(PROBLEM DETAILS):
For this exercise, output the entries below exactly from the line that holds "Matt Biocich Ceramics Studio" to the line that holds "13mm x 18 mm", both ends included. No pictures belong in the copy.

(SUPPLIED MATERIAL):
[Start of section]

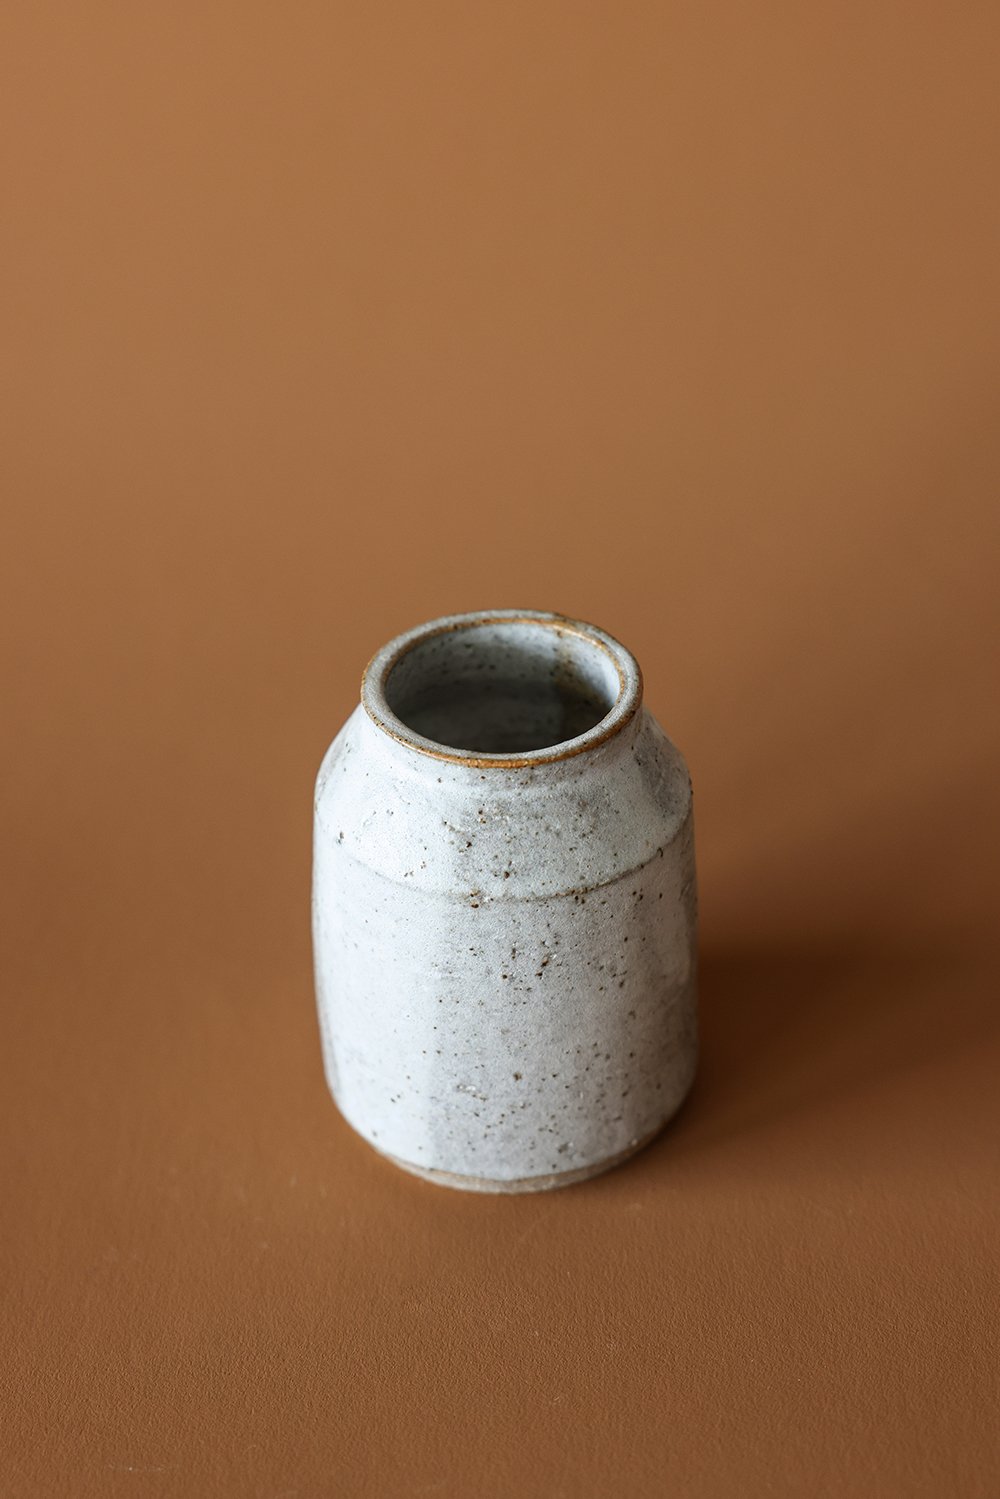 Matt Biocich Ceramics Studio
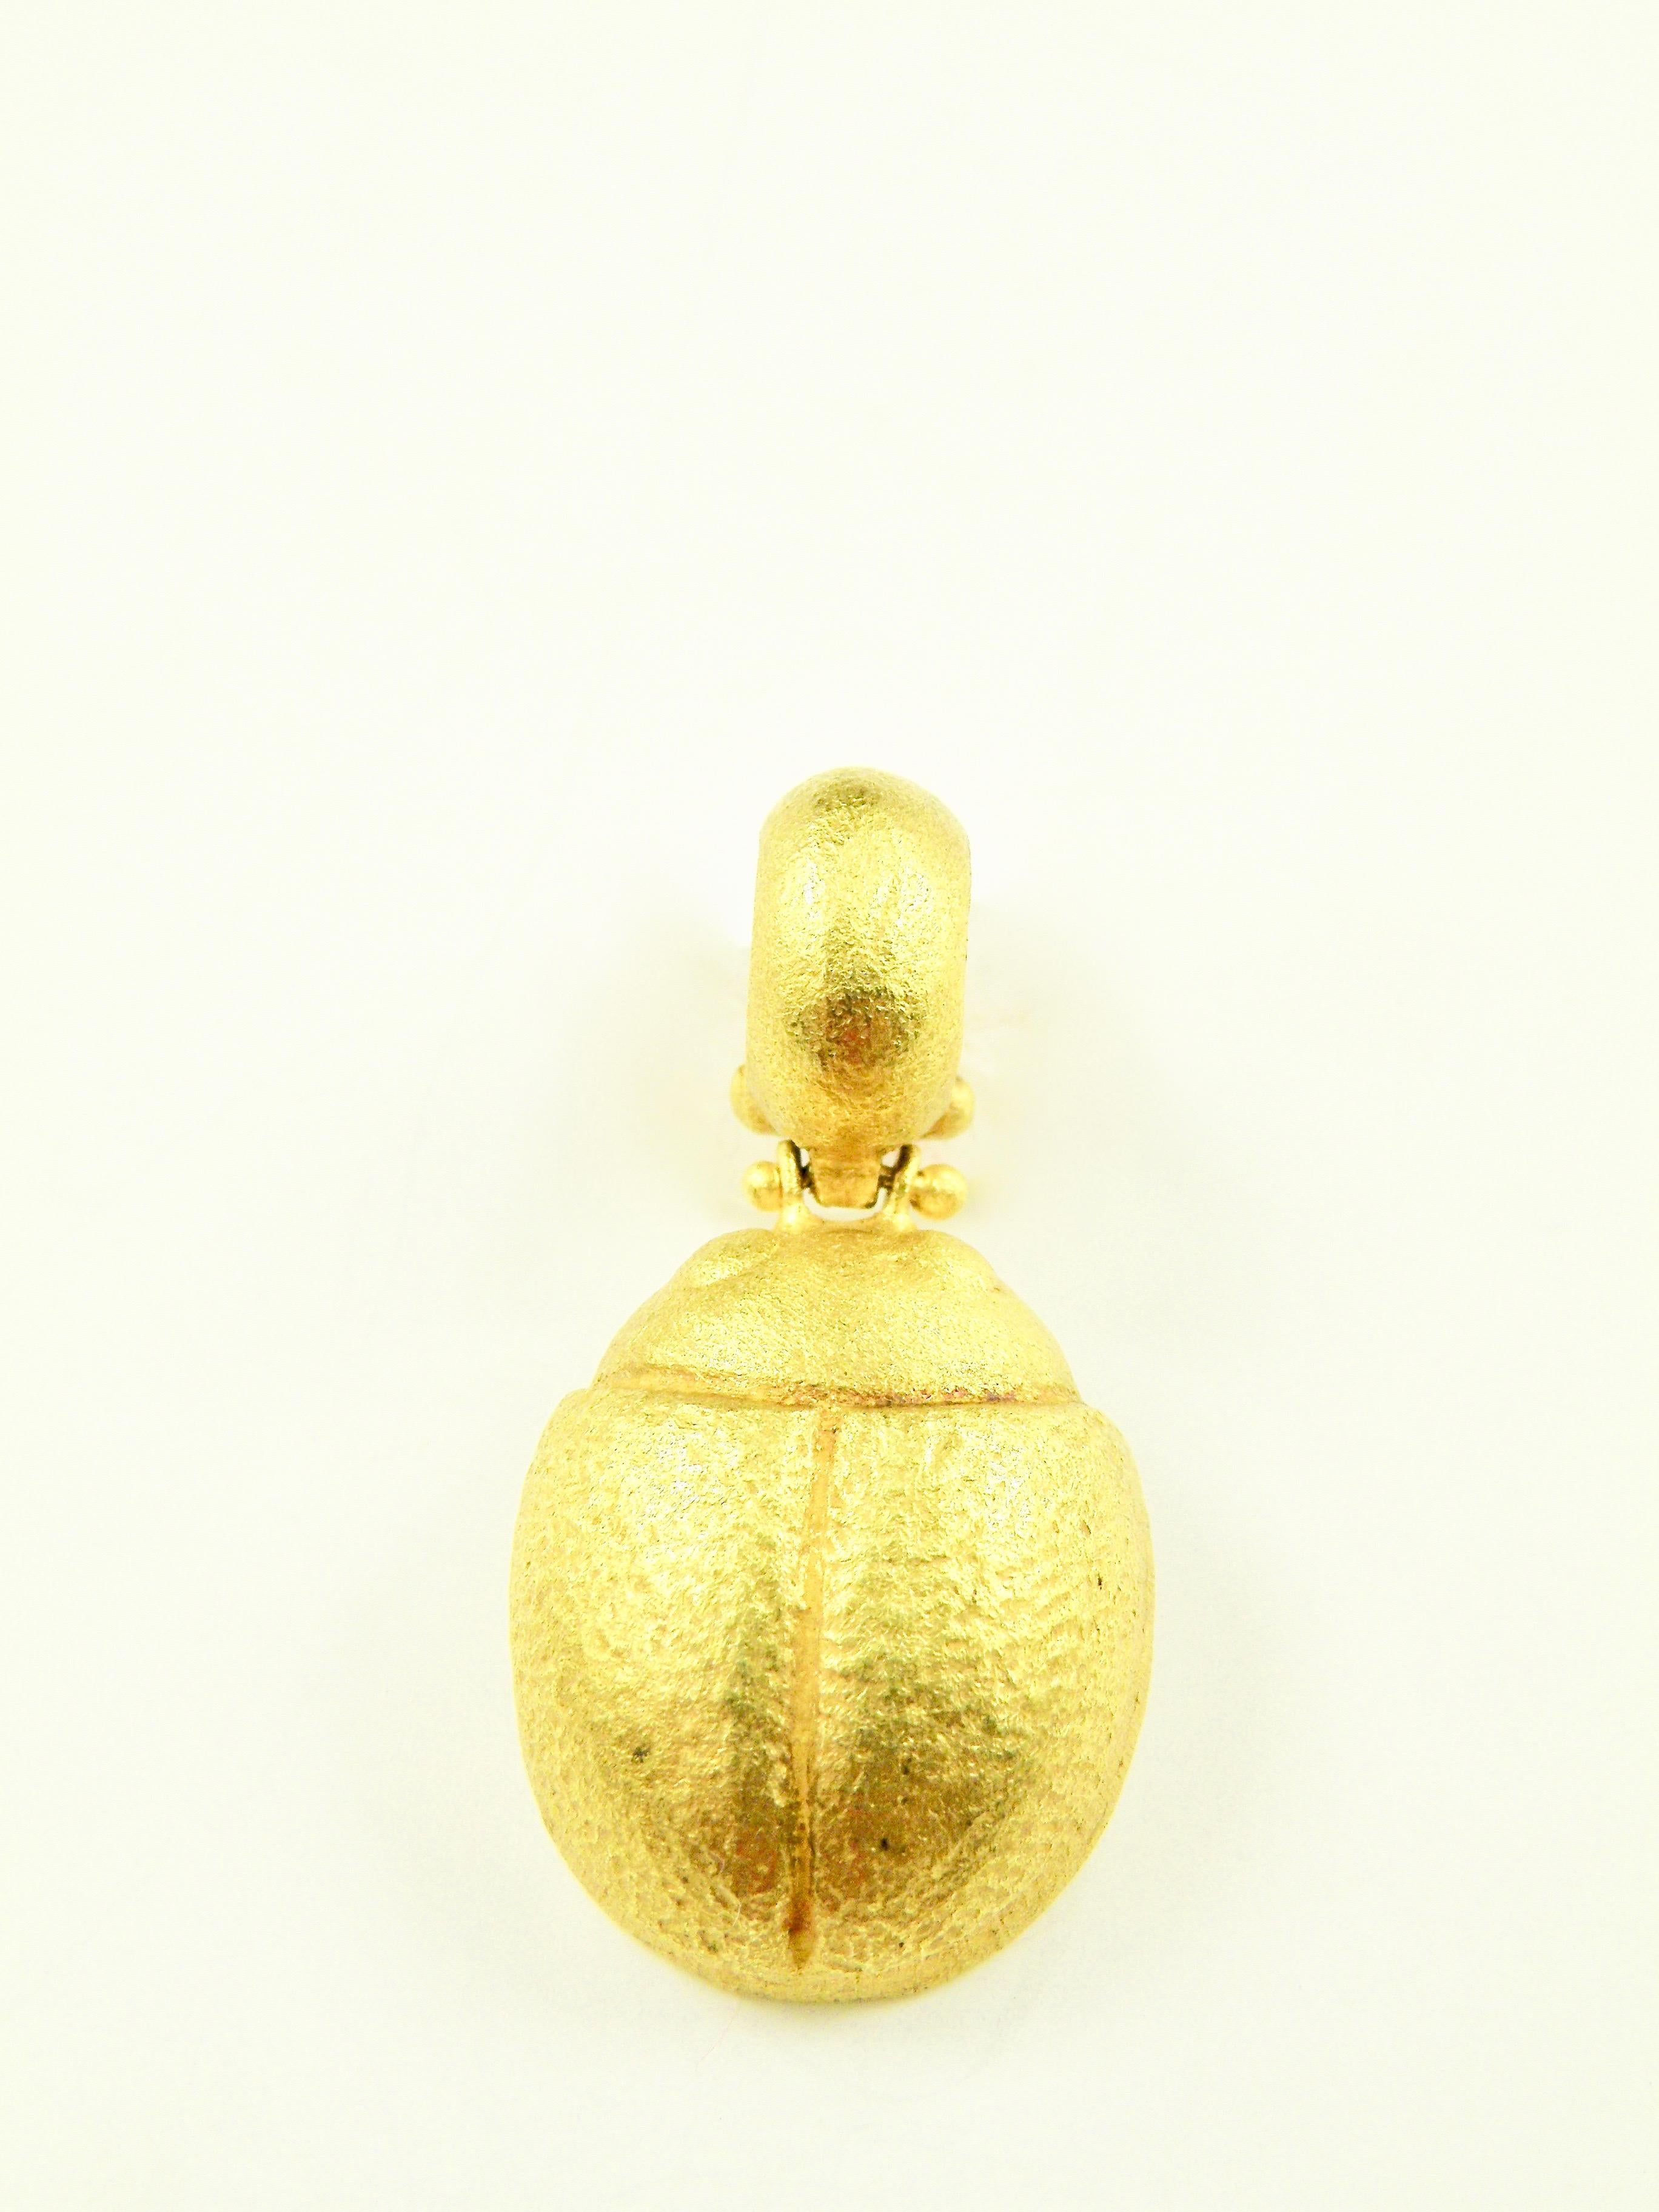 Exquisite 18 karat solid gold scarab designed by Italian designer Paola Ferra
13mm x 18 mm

[End of section]
[Start of section]

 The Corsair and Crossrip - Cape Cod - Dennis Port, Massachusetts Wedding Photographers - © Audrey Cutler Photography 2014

[End of section]

(ANSWER BOX):
 Matt Biocich Ceramics Studio
 Exquisite 18 karat solid gold scarab designed by Italian designer Paola Ferra
13mm x 18 mm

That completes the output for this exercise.